1) Let the judges decide how badly you hurt your opponent. It is bad form and embarrassing to describe in detail how you smashed your opponent into little shattered pieces only to have the judge declare that the other move was superior and you lost the round 

2) Do not put words or actions into the mouth of another players character! Not unless you get consent to do so or the actions are minimal. Do not tell someone else how his or her character reacts to a situation. Let them decide this! Even in a style match, be careful to be a minimalist in how you describe your opponent’s moves. 

3) If you are going to be delayed before your next posting, let your opponent know. The rule of thumb is that a match can be forfeited if there is a 24-hour delay on the part of one player (though players are encouraged to be patient). If you can, make sure to post a move even if the fight will be delayed. The judge can often rule in your absence rather than forcing everyone to wait. 

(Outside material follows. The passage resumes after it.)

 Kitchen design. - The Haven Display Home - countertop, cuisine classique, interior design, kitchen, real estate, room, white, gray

4) Don't fish for moves. It becomes obvious after a while and people won't want to play with you anymore. Use the first generated move you get. 

5) Any use of a power should be decided on when the move for that round is generated and posted. If you are posting first, you cannot wait until after your opponent has posted to decide whether to include a power in with the move. This means, practically speaking, a power’s use should be posted in the same post as the move. 

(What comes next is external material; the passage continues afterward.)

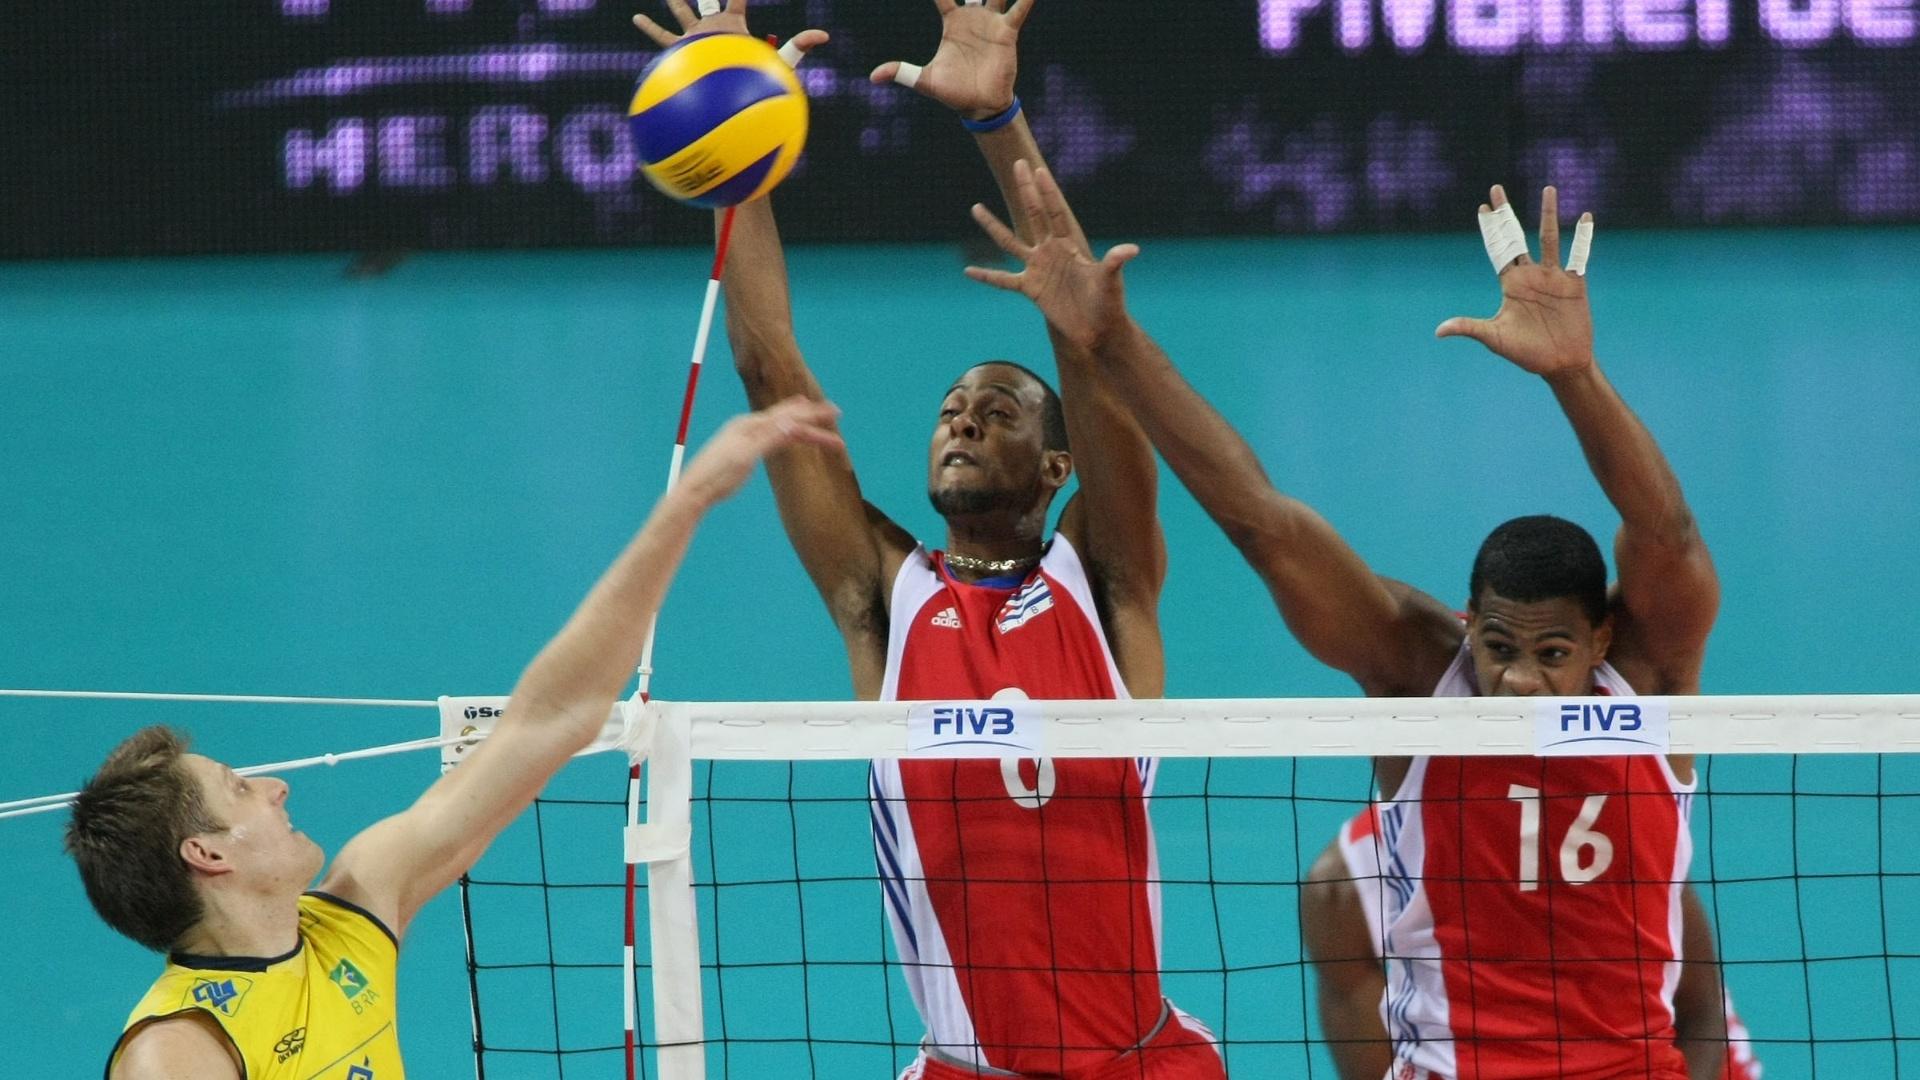 Murilo para no bloqueio de Cuba na estreia do time na fase final da Liga Mundial

6) Remember - it's only a game. Keep in character conflicts in character and out of character always be polite.


*Insult Rounds *
Most fights begin with an insult round. Insults are randomly generated and posted so that the judge can decide who has the better insult. The winner of the insult round gets to pick the length of the match (2-5 flags) and the style of the match (Traditional, Speed, Strategy, Style or some combination thereof). If a player is more inclined to pick a style match, it is polite to let the opponent know before insults are exchanged. As the winner of the insult matches picks these things, it is important for fighters who do not want to play a certain style of game to let other players know before the insult round. Any stipulations to the fight are considered binding if the other player agrees by posting an insult. The fighter who wins the insult round generally goes first in posting his attack and initiative switches back and forth every round after that. So the order of posts if Fighter A won the insult round would be: Fighter A, Fighter B, Judge, Fighter B, Fighter A, Judge, Fighter A, Fighter B, Judge, etc.


*Types of Matches*
There are a few different types of fighting matches which can be used in YB combat. They are explained below:

*--- Traditional match *
Fights are fought for flags. All the flags start at neutral and the fighter winning a round captures as many flags as his move was worth points (i.e. a 2 point signature move captures 2 flags). If a fighter wins a round and his opponent has any captured flags, the fighter’s points are first used to move the opponent’s flags back to Neutral. Any remaining points earned in the round may be used to capture flags for the fighter. The match is over when all the flags are captured by one fighter. Lower Tier Fighters should fight for 2, or if they want a longer match 3 flags. Higher tier fighters can fight for 2-4 flags. Epic matched between top tier fighters can be for as many as 5 flags! 

*---Speed Match *
A speed match is a variant type of the traditional match and may be fought for between 3 and 10 flags. In a speed match, a fighter captures flags as normal based on the points won in a successful move. However when a fighter captures a flag, it may not be moved back to neutral. Instead both fighters continue to capture flags each round until one of them has captured the number of flags required to win. A speed match therefore lacks the back and forth of the traditional match and is more of a race.

*---Strategy matches *
In a strategy match, every three rounds, the fighters post five moves and subsequently choose which move they will decide to use. Judges are encouraged to pay special attention to moves that might well cancel out another's. After three of the five moves are used, another hand of five moves is generated. The advantages to this is that fighters can try and choose their best moves, are more likely to get a signature style or location and are able to attempt to match defenses to their opponents attacks. 

*---Style Matches *
In a style match the fighters use the generated move as a basis to describe what they do to their opponent. Judges must first decide if they think the description is fair based on the generated move, and they must then decide which description sounds more like a move that would garner a round victory. In a style match, a better-generated move is a move that allows for good description. A good description is one that appeals to the judge as a round winner. It is the players description of the attack, not the generated move itself that is judged by the judges in a style match. Obviously the better your writing skills the better you will do in such a match.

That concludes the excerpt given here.